The choice to split the Sumatran and Javan trogons into respective species appears to have come from an effort to properly assess the vulnerability of the Javan trogon, which is also endemic but with a much smaller and contracting range.

== Behaviour ==

=== Vocalisations ===
The song consists of three whistled notes "wiwi whéeer-lu", the third note dropping off at the end. The call is identical for both the Javan trogon and Sumatran trogon, and is a hoarse "chierr, chierr" or loud "turr" sound. Unlike the Sumatran trogon, the Javan trogon has never been heard making a song, which could be an important point of difference to support the split between the two species, or simply the result of how rare the Javan trogon is.

=== Diet ===
Along with most other Asian trogons, the Sumatran trogon is a still-hunting predator that waits motionless on a branch until prey is spotted, then it attack. Its diet varies and includes insects, fruit, and small vertebrates that will fit within its beak.

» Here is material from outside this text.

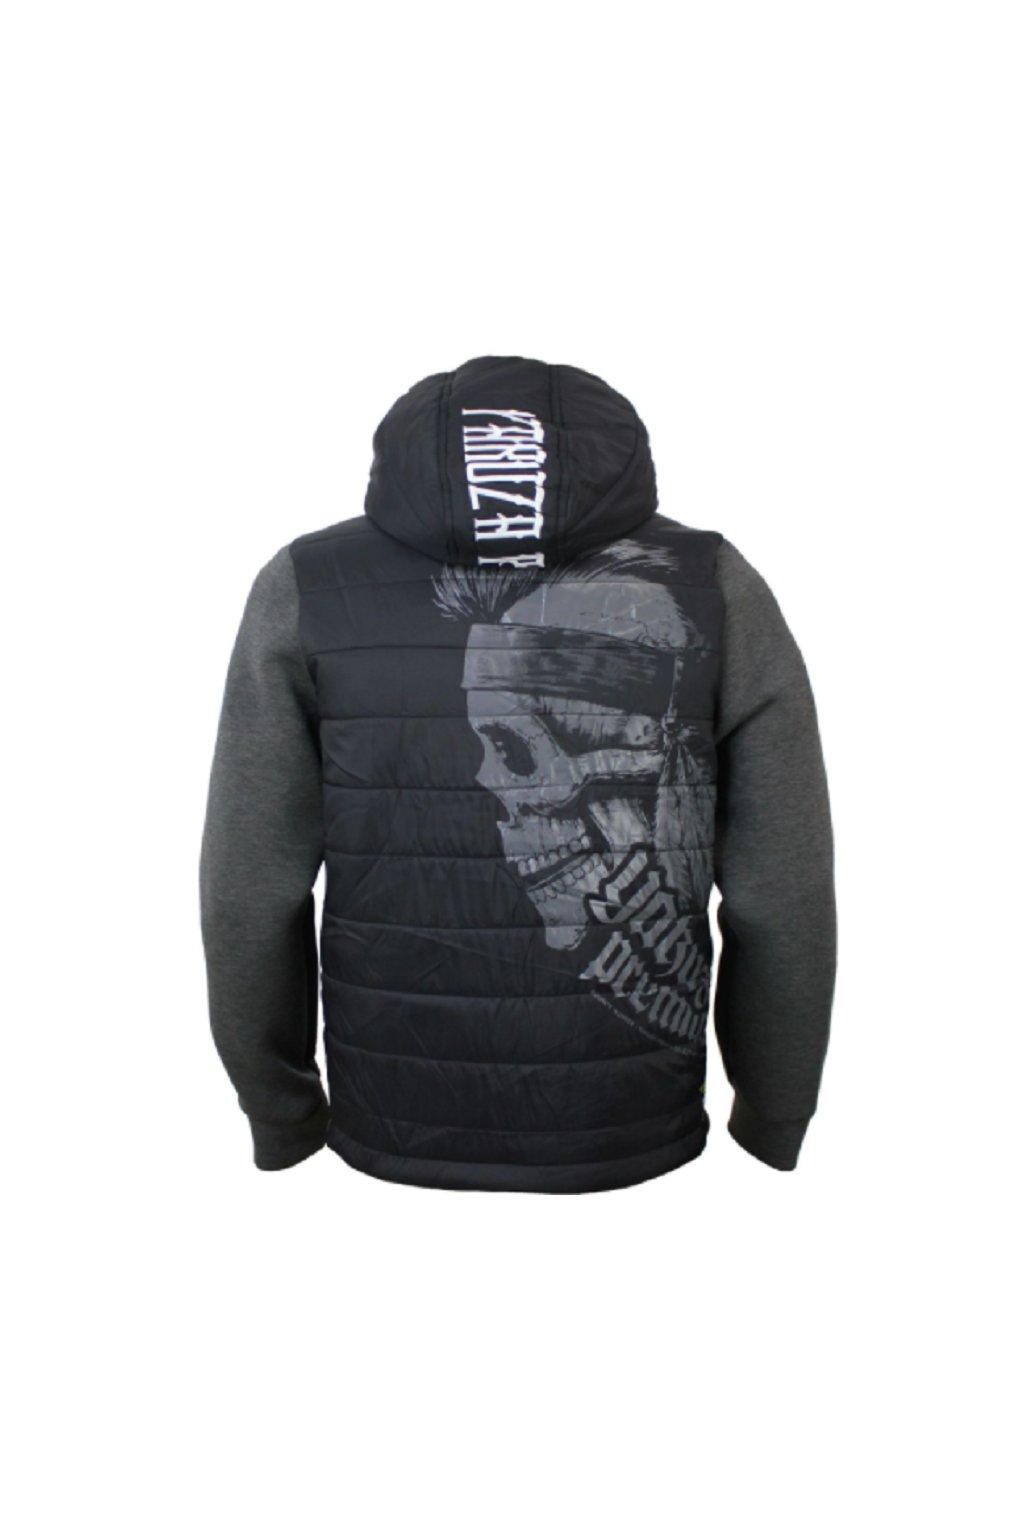 Pánská zimní bunda Yakuza Premium 2928 černá softshellová s kapucí obr1

One was apparently once observed eating a 10 cm long lizard from the ground. As with other trogons, the leg muscles are so reduced that they cannot walk, or even turn around on a perch without it using its wings. Studies on the specific ecology of different species seems to be lacking.

The Sumatran trogon has been found in mixed-species feeding flocks with other bird species like the Sumatran laughingthrush, the black laughingthrush, the chestnut-capped laughingthrush, and the Sumatran drongo.

=== Reproduction ===
The Sumatran trogon forms monogamous pairs that work together to raise their young. Breeding happens in March. It nests in tree cavities that are either self-excavated or reused from already-made cavities. Clutch sizes range from 2-4 eggs, and chicks are altricial at hatching.